Can you explain how hashing is insufficient? You're saying someone could use a lookup table of hashcodes for all the URLs on the internet and deanonymize the URLs? The browser's identity is still unrecoverable.

EDIT: Ah, just looked up k anonymity. We don't store any of the information that they're protecting for, like age, sex, any other personal attributes.

link

bobds 5232 days ago

I'm sure you are looking at more than just URLs.

Say you have a lead form with two fields, email and zip code. You would store a variety of data points besides those two. Referring URL, IP address, useragent, etc.

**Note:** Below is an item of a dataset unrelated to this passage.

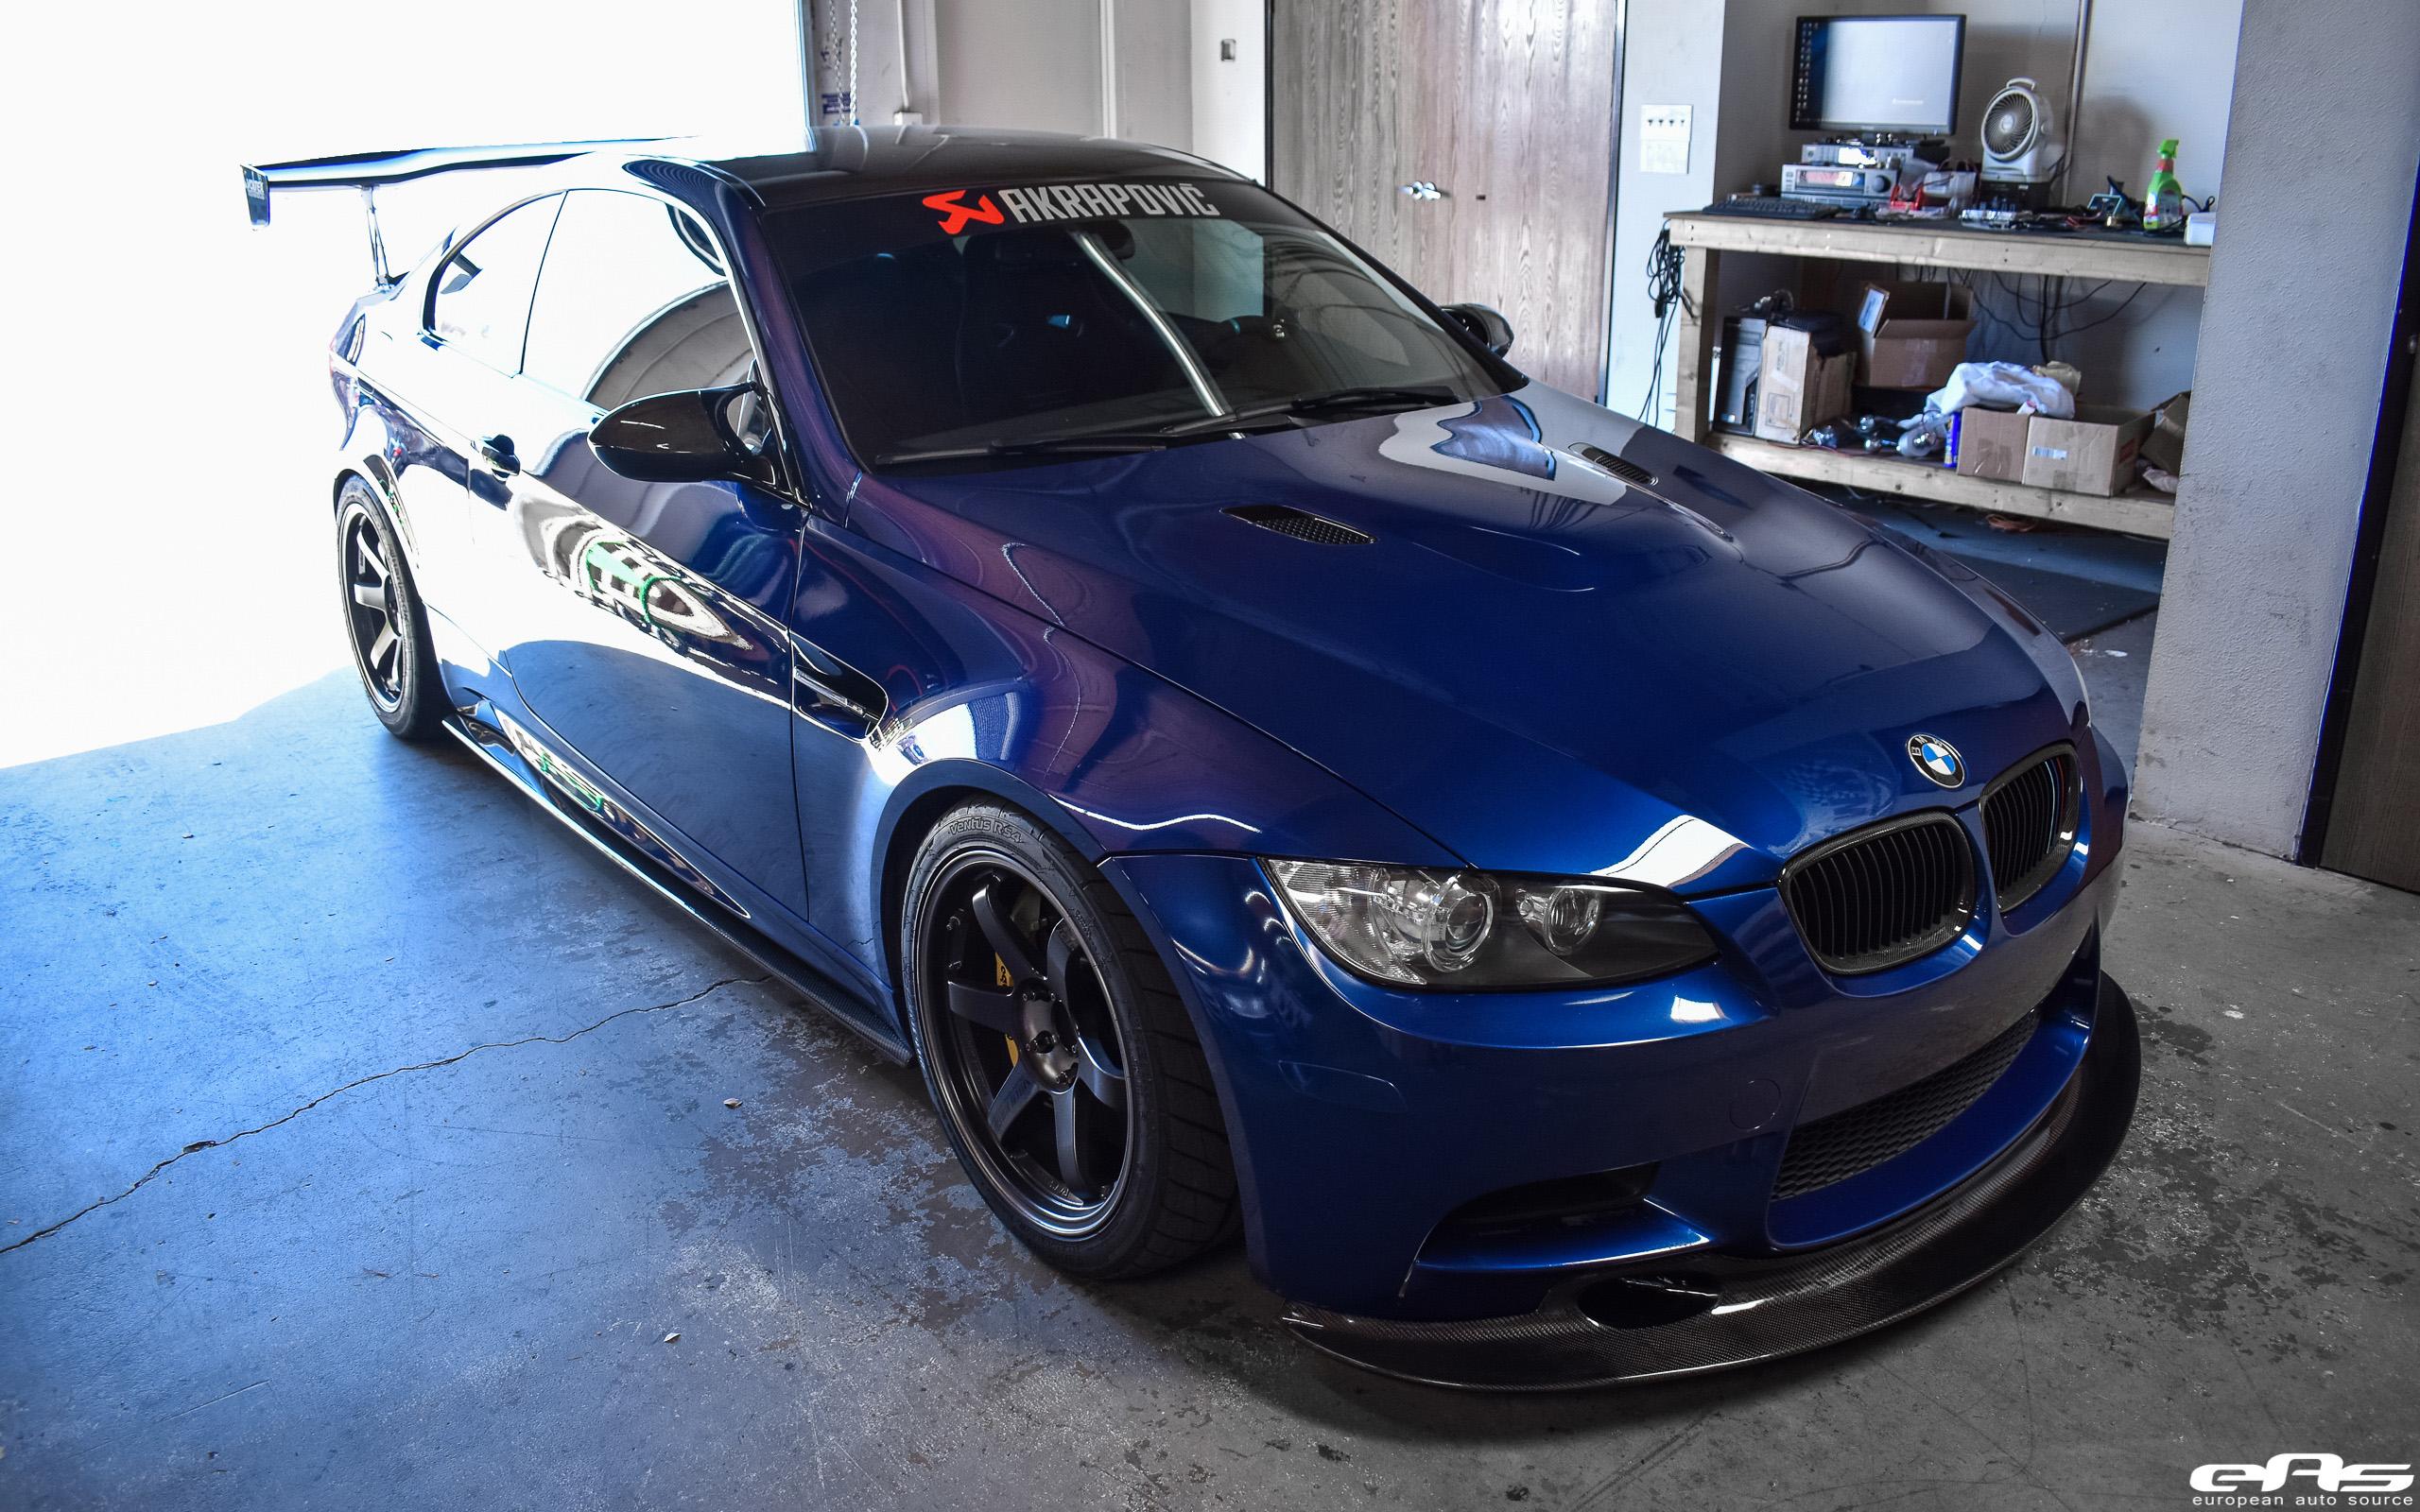 Le Mans Blue E92 M3 Jdm Style Bmw Performance Parts Services

If you just hash everything, and I gain access to your hashed values, it would be easy to make a lookup table reversing the one-way hash, at least for some of the data points.

I haven't had a chance to read the k-anonymity or related papers, but from what I understand it's not specific to data points like age/sex/etc.

link

falcolas 5232 days ago

If you obtain my gender, DOB and zip code (which is not hard - Google demonstrated that had all of that data even though I never gave it to them directly), you can uniquely identify me 80% of the time.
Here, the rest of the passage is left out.